Poland now has the highest wholesale electricity prices in the EU, according to a recent analysis by Ember, a climate think tank. It blamed Poland’s continued reliance on coal while other countries are able to take advantage of renewables and of falling natural gas prices thanks to the impact of the coronavirus lockdowns.

“Poland’s reliance on costly domestic coal means it now has the most expensive electricity in Europe,” said Dave Jones, an Ember energy analyst, in a statement. “With the Polish government set to bankroll uneconomic coal mines and take on PGE’s loss-making lignite plants, the public will pay dearly for Poland’s coal addiction.”

Poland has long been a green energy laggard compared to other EU countries; it generates about 13 percent of its electricity from renewables, one of the lowest levels in the bloc, according to Ember.

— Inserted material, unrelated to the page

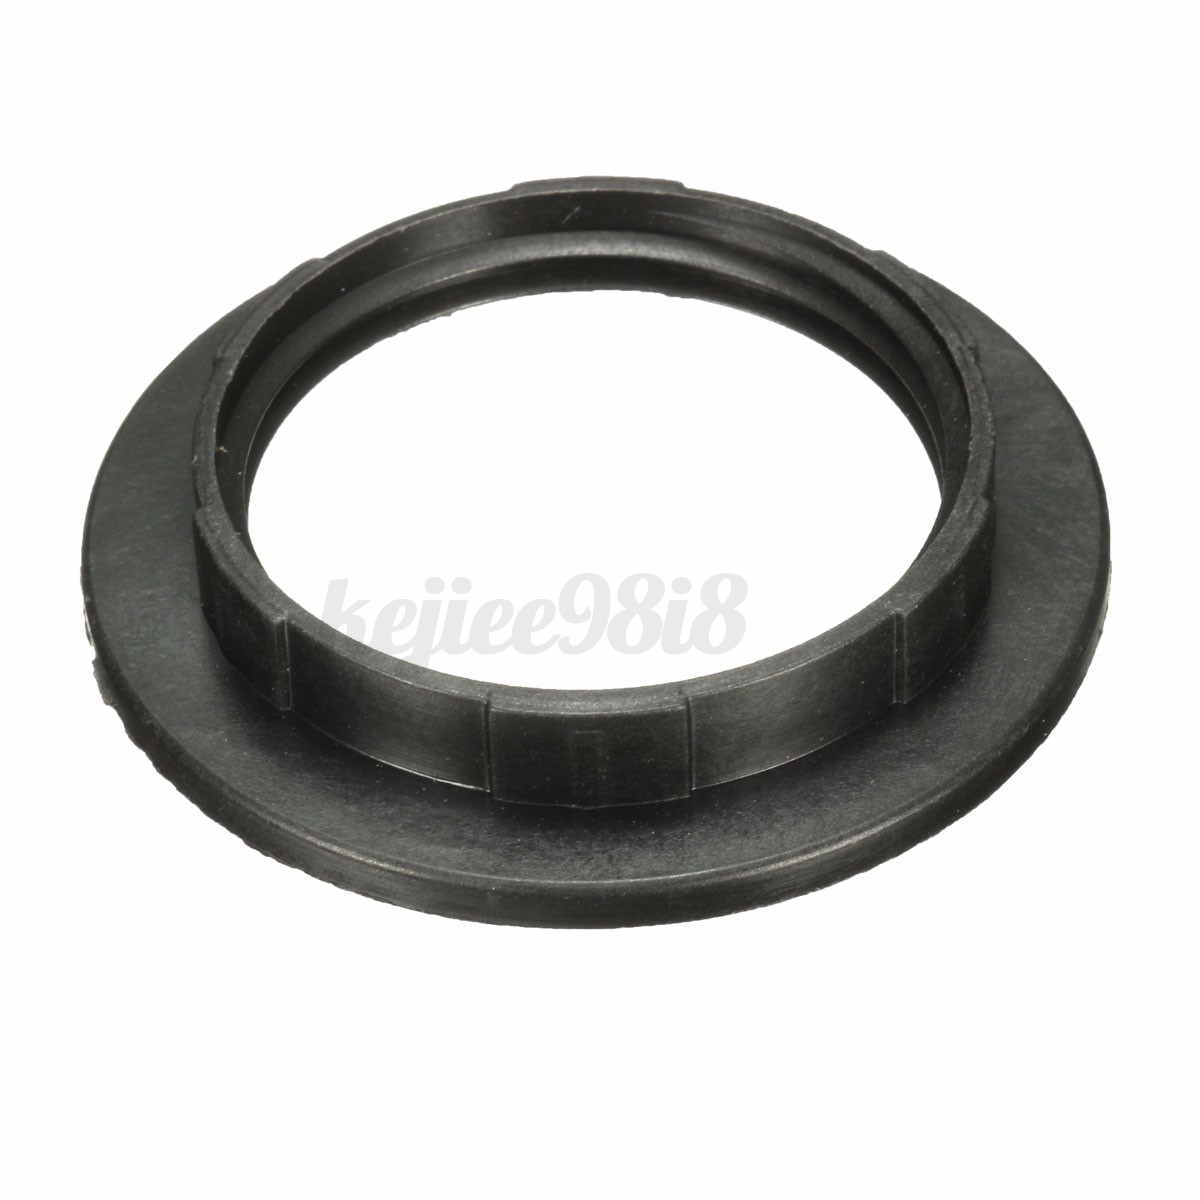 Black White E27 Screw Lampshade Light Shade Collar Ring

PGE plans to shift to gas-fired plants, especially for municipal heating plants, and to spend 75 billion złoty on its target of becoming climate neutral by 2050 by expanding onshore wind as well as offshore installations on the Baltic Sea and photovoltaic projects.

The change of tone from the domestic industry comes as Polish coal mines face growing financial difficulties thanks to competition from cheap imports.

The government is also very isolated in its defense of coal. It’s the only EU country not to agree to a domestic target of climate neutrality by 2050, a stance that could cost it some EU funding aimed at helping smooth the transition away from a carbon-intensive economy.

Warsaw’s position will become even more difficult in the next months if the EU approves a proposal to cut its 2030 emissions by 55 percent instead of the current target of a 40 percent reduction.

That leaves very little space for coal, which is going to create a clash as both the government and utilities want a go-slow approach to get rid of it.

“Efforts to shut down conventional power in Poland are uneconomic and unrealistic,” Dąbrowski said.